• _Assignment_
Repeat the data that follows exactly, starting at the line with "心臓苦しむかもしれないリセットボディ 豆乳おからビスケット 4袋×(24セット)" and ending at the line with "Instagram(インスタ", and leave out every picture.
Start of Entries provided
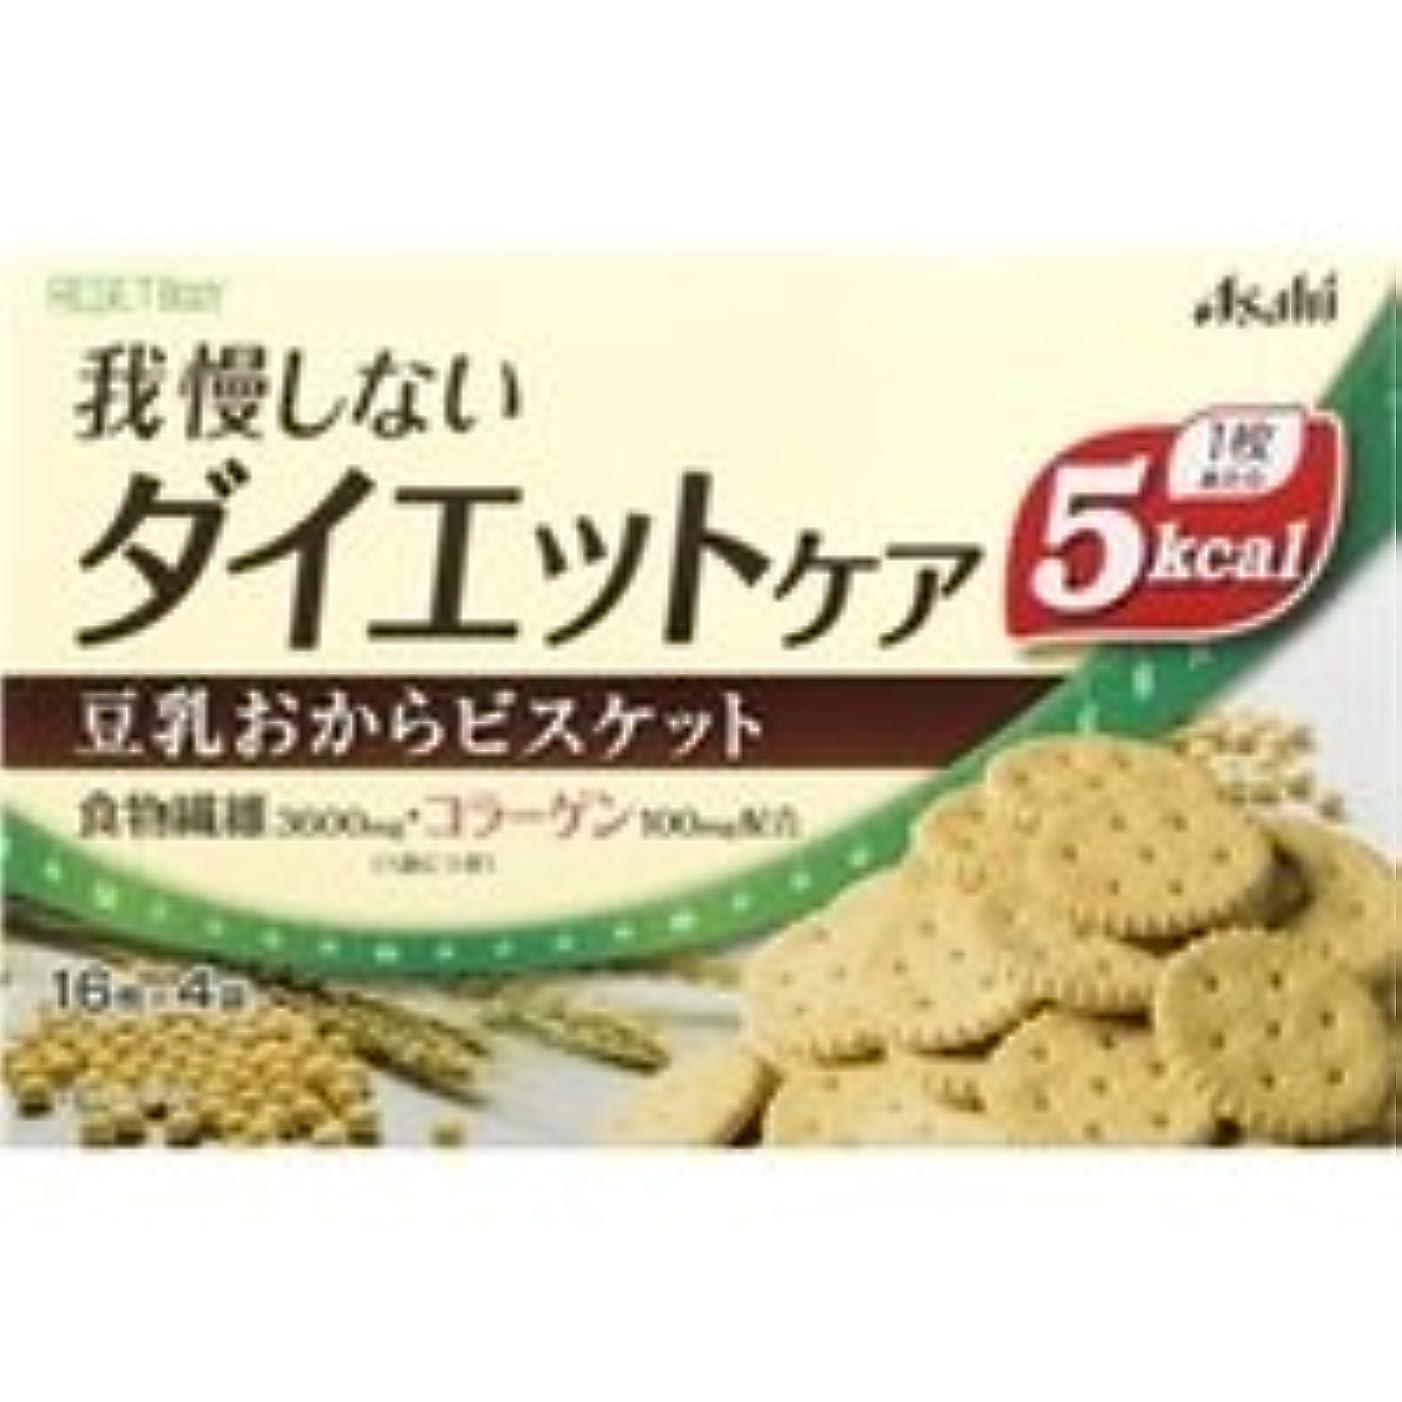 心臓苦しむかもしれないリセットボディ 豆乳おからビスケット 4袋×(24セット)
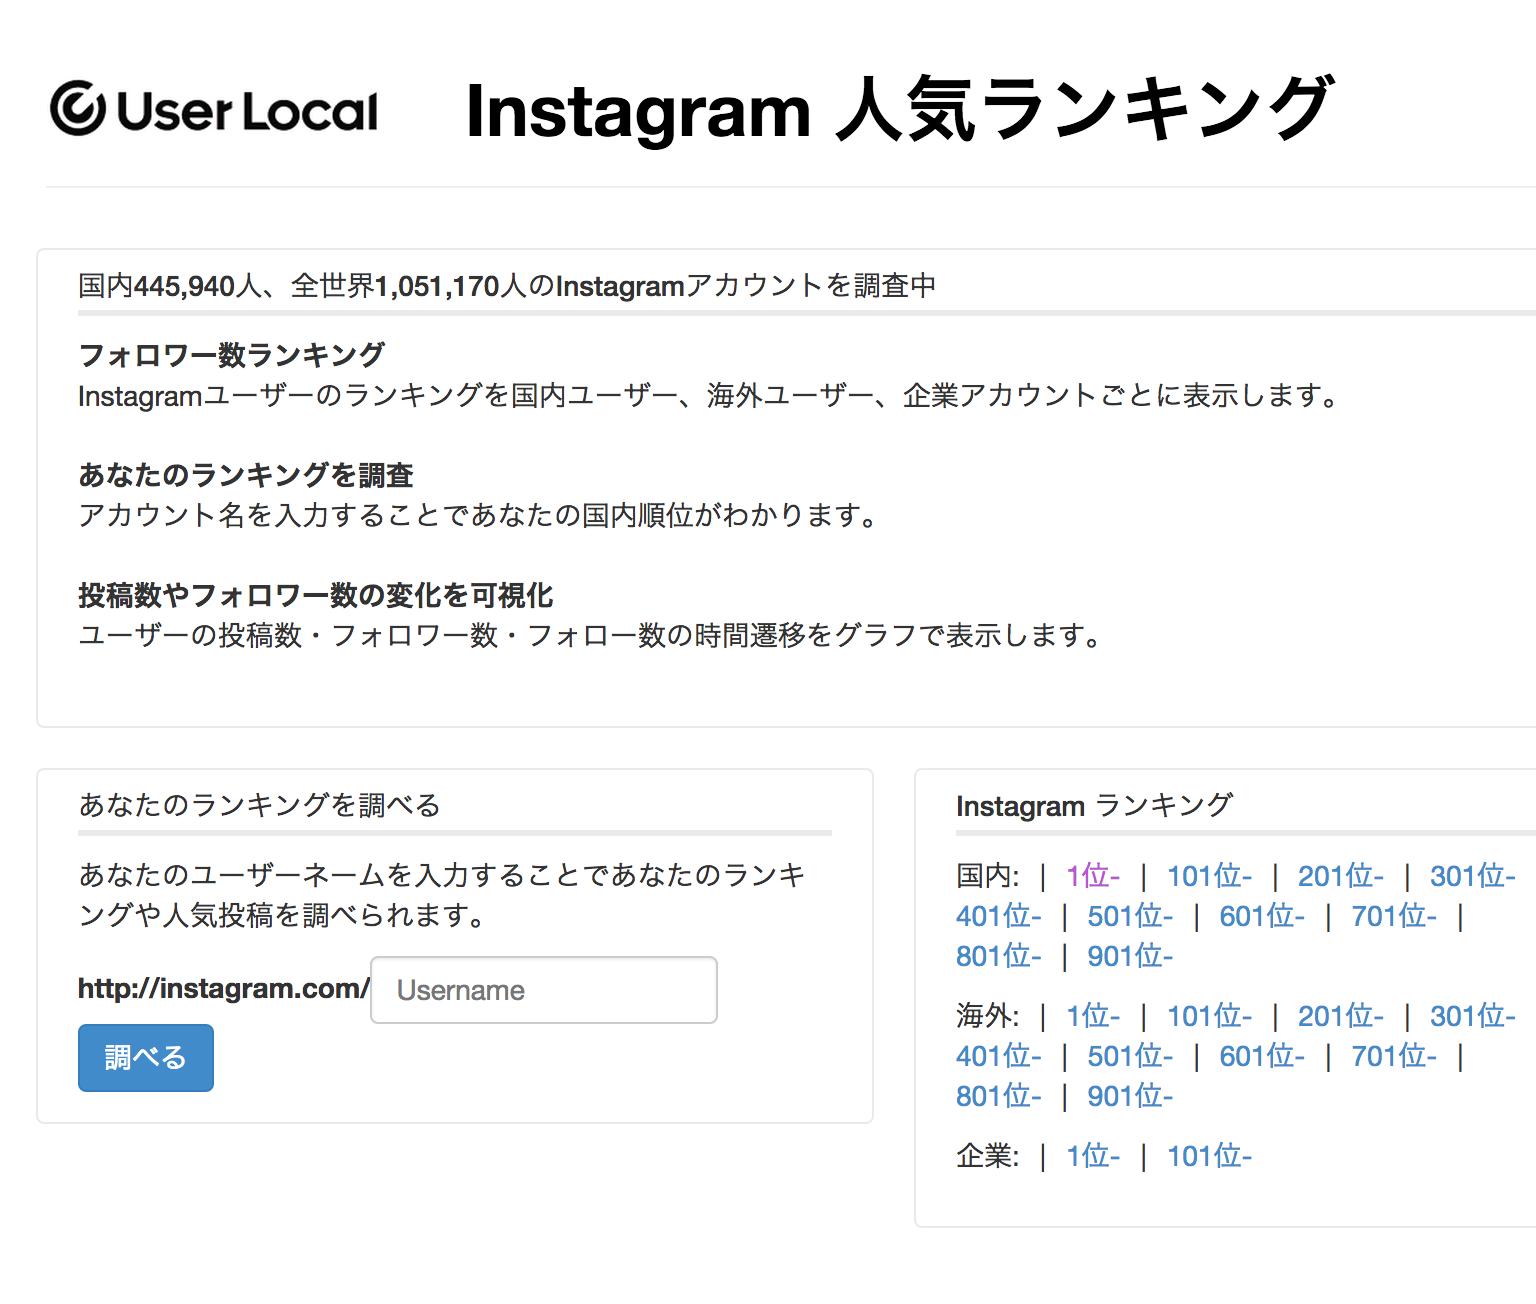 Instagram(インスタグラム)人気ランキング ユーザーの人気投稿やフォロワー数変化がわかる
End of Entries provided
Start of Entries provided
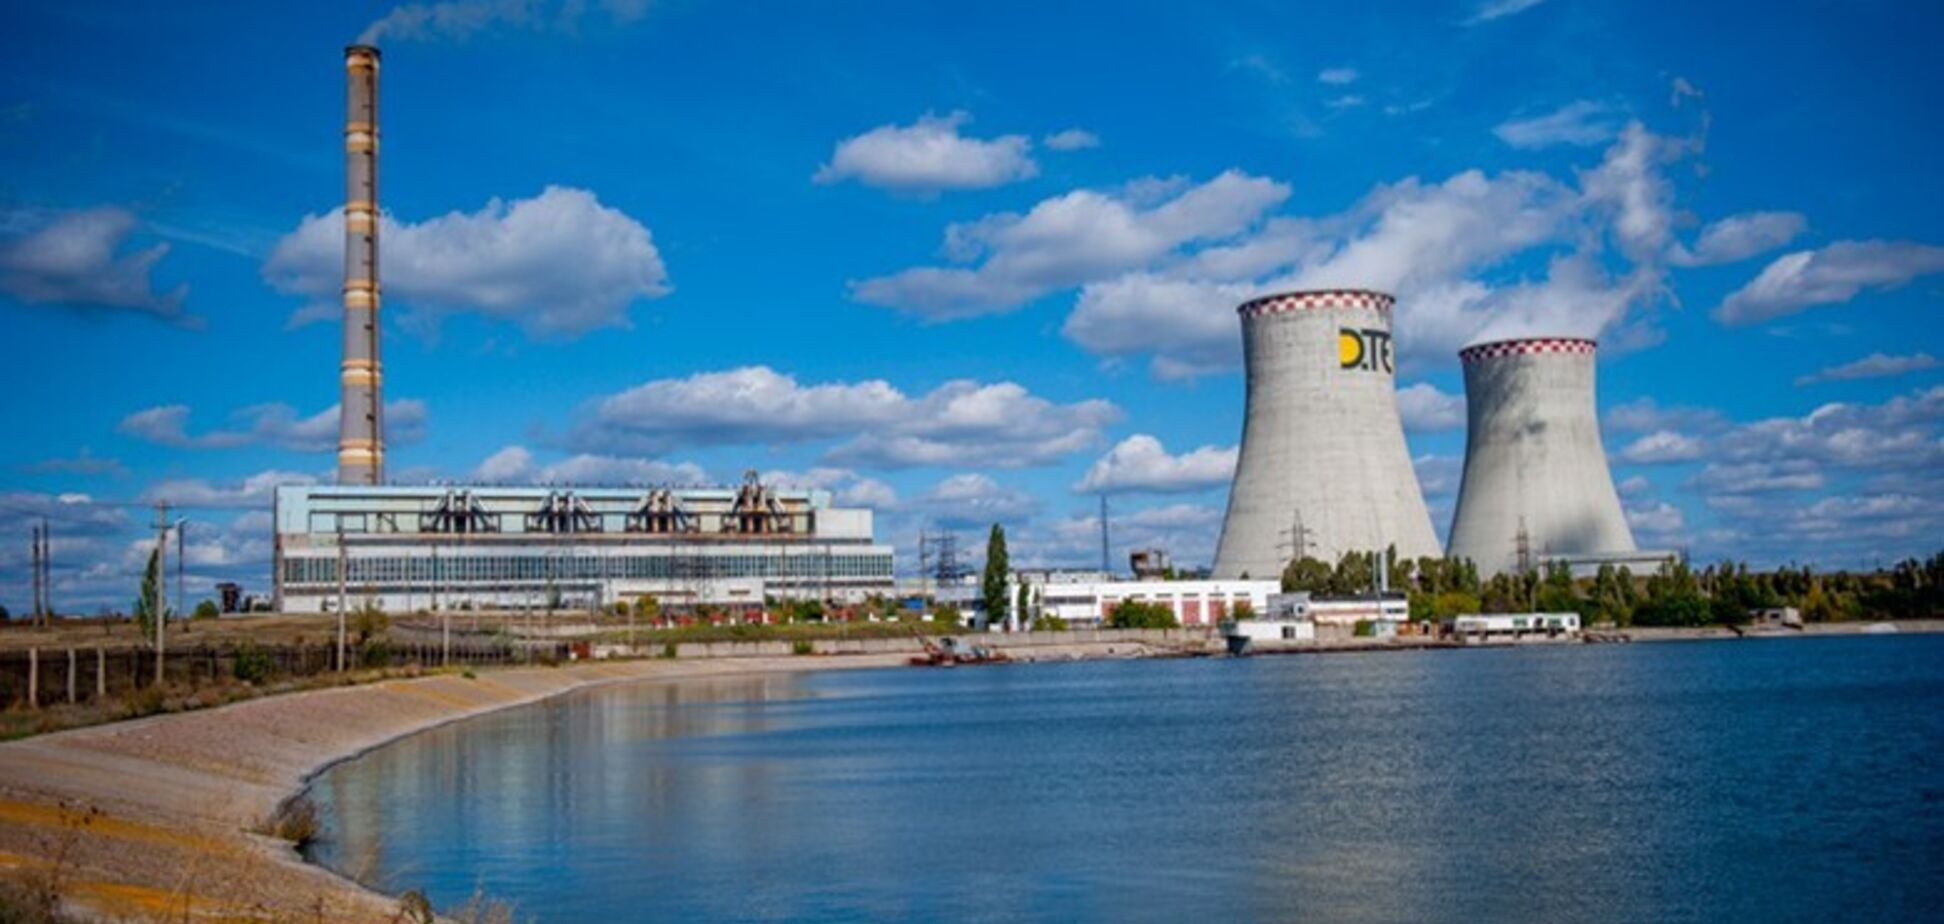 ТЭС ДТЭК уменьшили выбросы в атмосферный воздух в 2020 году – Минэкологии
End of Entries provided
Start of Entries provided
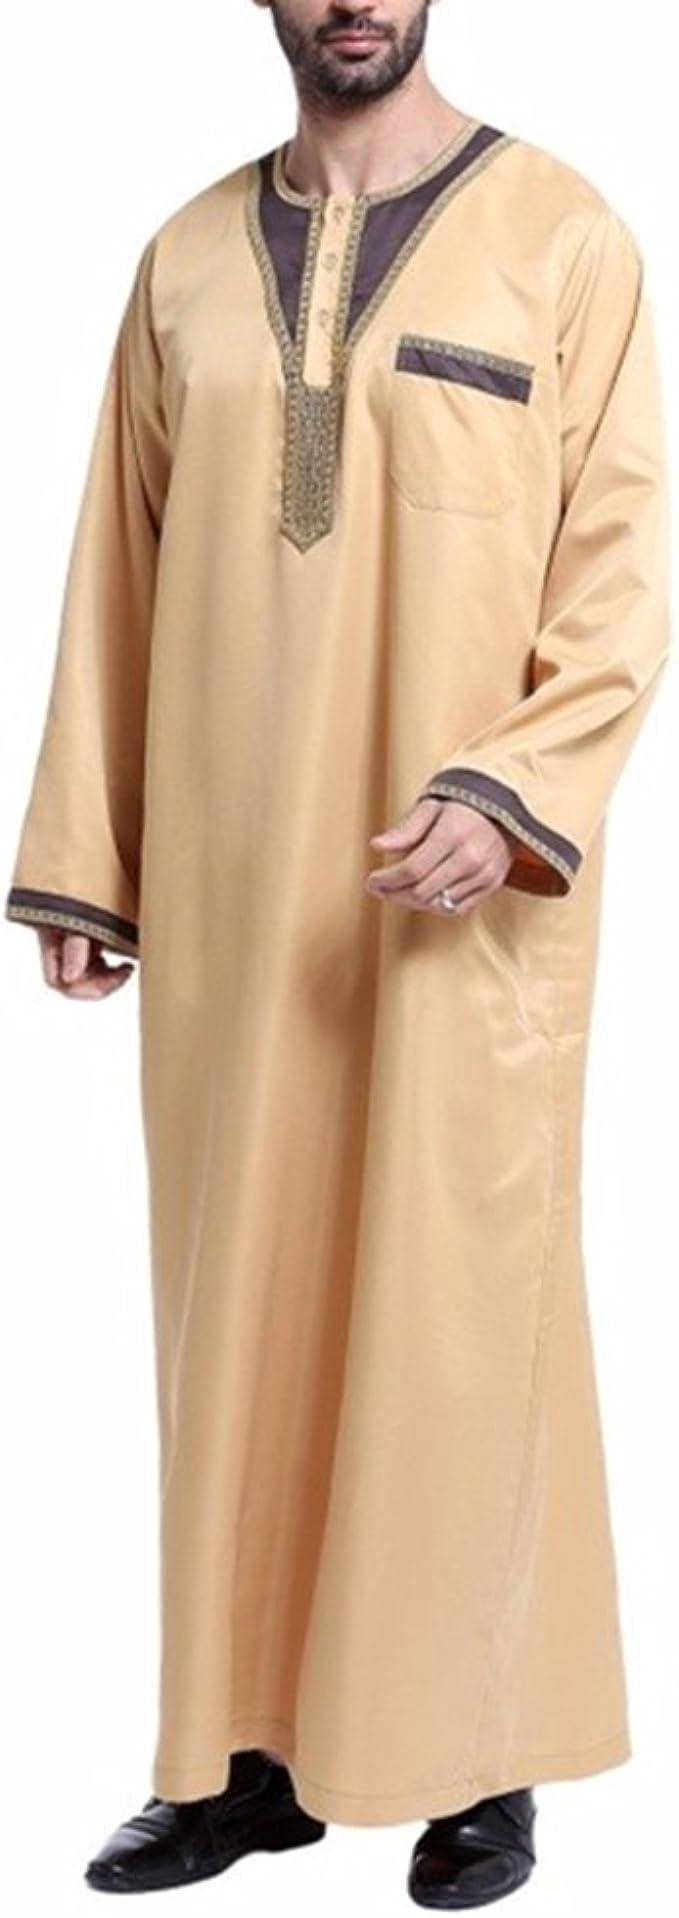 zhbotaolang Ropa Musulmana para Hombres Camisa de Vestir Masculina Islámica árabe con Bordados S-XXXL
End of Entries provided
• _Answer to the problem_
 心臓苦しむかもしれないリセットボディ 豆乳おからビスケット 4袋×(24セット)
 Instagram(インスタグラム)人気ランキング ユーザーの人気投稿やフォロワー数変化がわかる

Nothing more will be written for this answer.